The StoryCorps Reports – Participant #4

  1. The saddest moment in my life was standing at the railroad station watching the 17 year old high school boy off to war. I planned to marry him. He didn’t know it. We’d never dated beyond, “Hi.”
  2. Four and one half years later, my happiest moment when the train rolled to a stop and a 21 year old man walked off – full of smiles. He had planned to marry me. I didn’t know it. We worked out the details.
  3. Do I have regrets?

Who doesn’t? I do not let myself think about regrets – to me it’s just a waste of my time. Family always was and always will be most important to me. If I have regrets, it is not spending more time at home with family or traveling to Minnesota to be with family there. Who cares about the cleaning, ironing, polishing silver? Who even remembers?

 

  1. Are there any words of wisdom you’d like to pass along?

I wish I could pass on to share:

Enjoy this day.

Yesterday is gone and cannot be changed.

Tomorrow may not come.

But, today is here.

Yours to enjoy.

Enjoy it while you can.

It will be gone quickly.

5. How did we choose a name?

Not sure we did! We had read the adventures of Peter Pan and Wendy. She became our adventure and her name became Wendy.

6. What was the hardest part of her leaving home?

Was standing at the airport, watching an 18 year old dance off to the airplane taking her east, smiling and waving as she shouted, “Isn’t this great?” We learned at that moment letting go was easier than trying to hang on to her AND it did turn out great!

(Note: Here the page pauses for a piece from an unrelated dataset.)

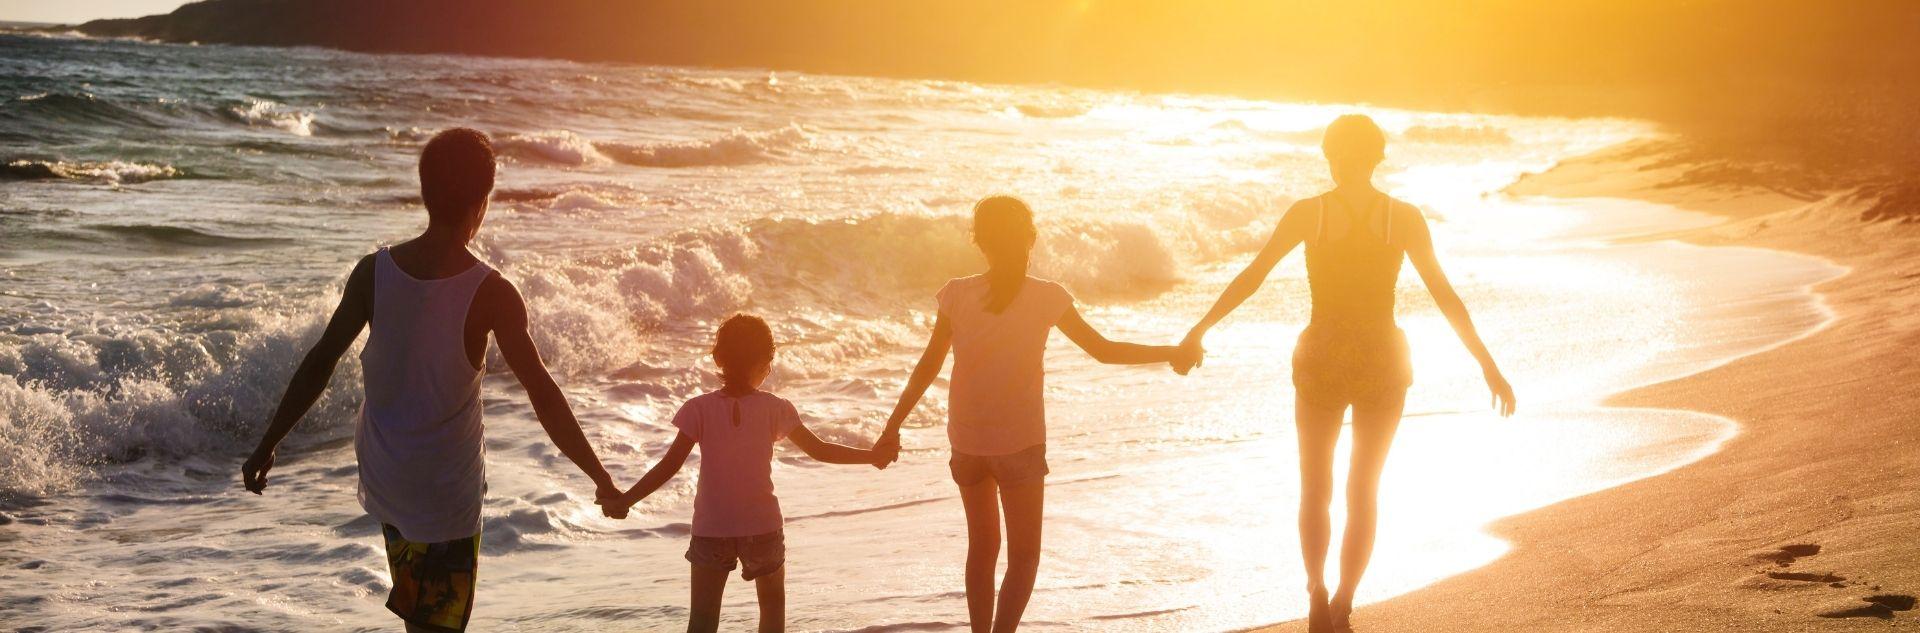 Strandspiel Hero - Sonnenuntergang Familie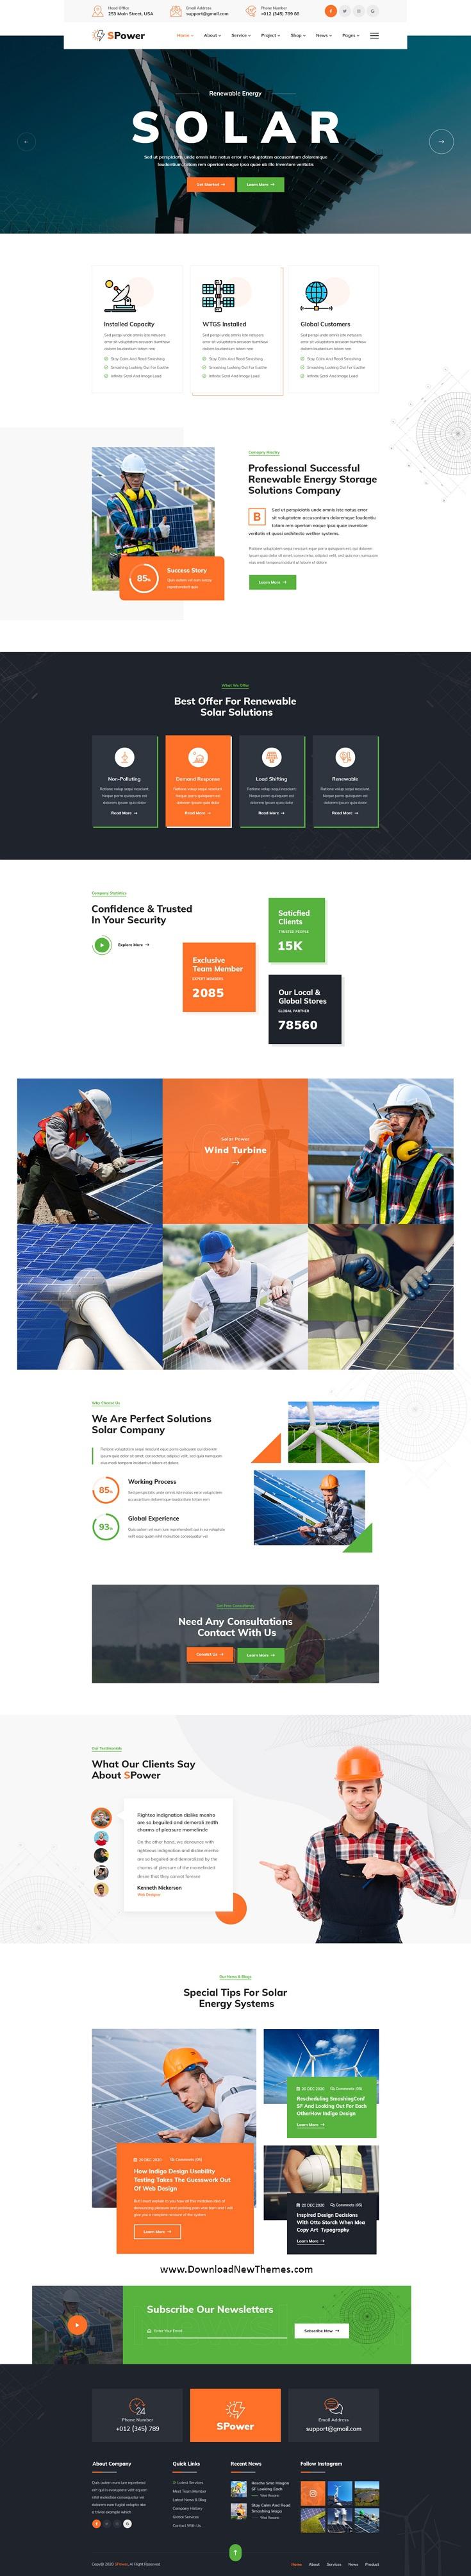 Best Wind & Solar Energy Template

7. What were our dreams for Wendy?

Our dreams for Wendy were, and are:

To dream and aim high

To be responsible and independent

To know right from wrong

To act and speak accordingly

To believe all things are possible

To know some things are harder than others, some things take

longer than others.

To do it her way

To be true to herself

To lend a hand to her fellow man

To be aware of different cultures and realize we are all alike – we

need food, shelter, water,

sleep, friends and faith

To stay positive, and the negative ignore

To be happy and healthy

To her credit and our pride, Wendy has always done her best and

continues to dream on and aim high.

8. Where were you born?

Minnesota was my home. It was the land of 10,000 lakes, Paul Bunyan and Hiawatha. A small town on the shores of a river rifting down stream from the west, at the bend of the river between two tall bluffs, on the piece of flat land on the river’s banks was the small town Mankato, my home for 20 years.

  1. What was it like there?
  2. Hills on all sides; hills in winter covered with snow; hills in spring

    covered with new green leaves; hills in summer covered with wild flowers; hills in fall covered with red, yellow, brown leaves.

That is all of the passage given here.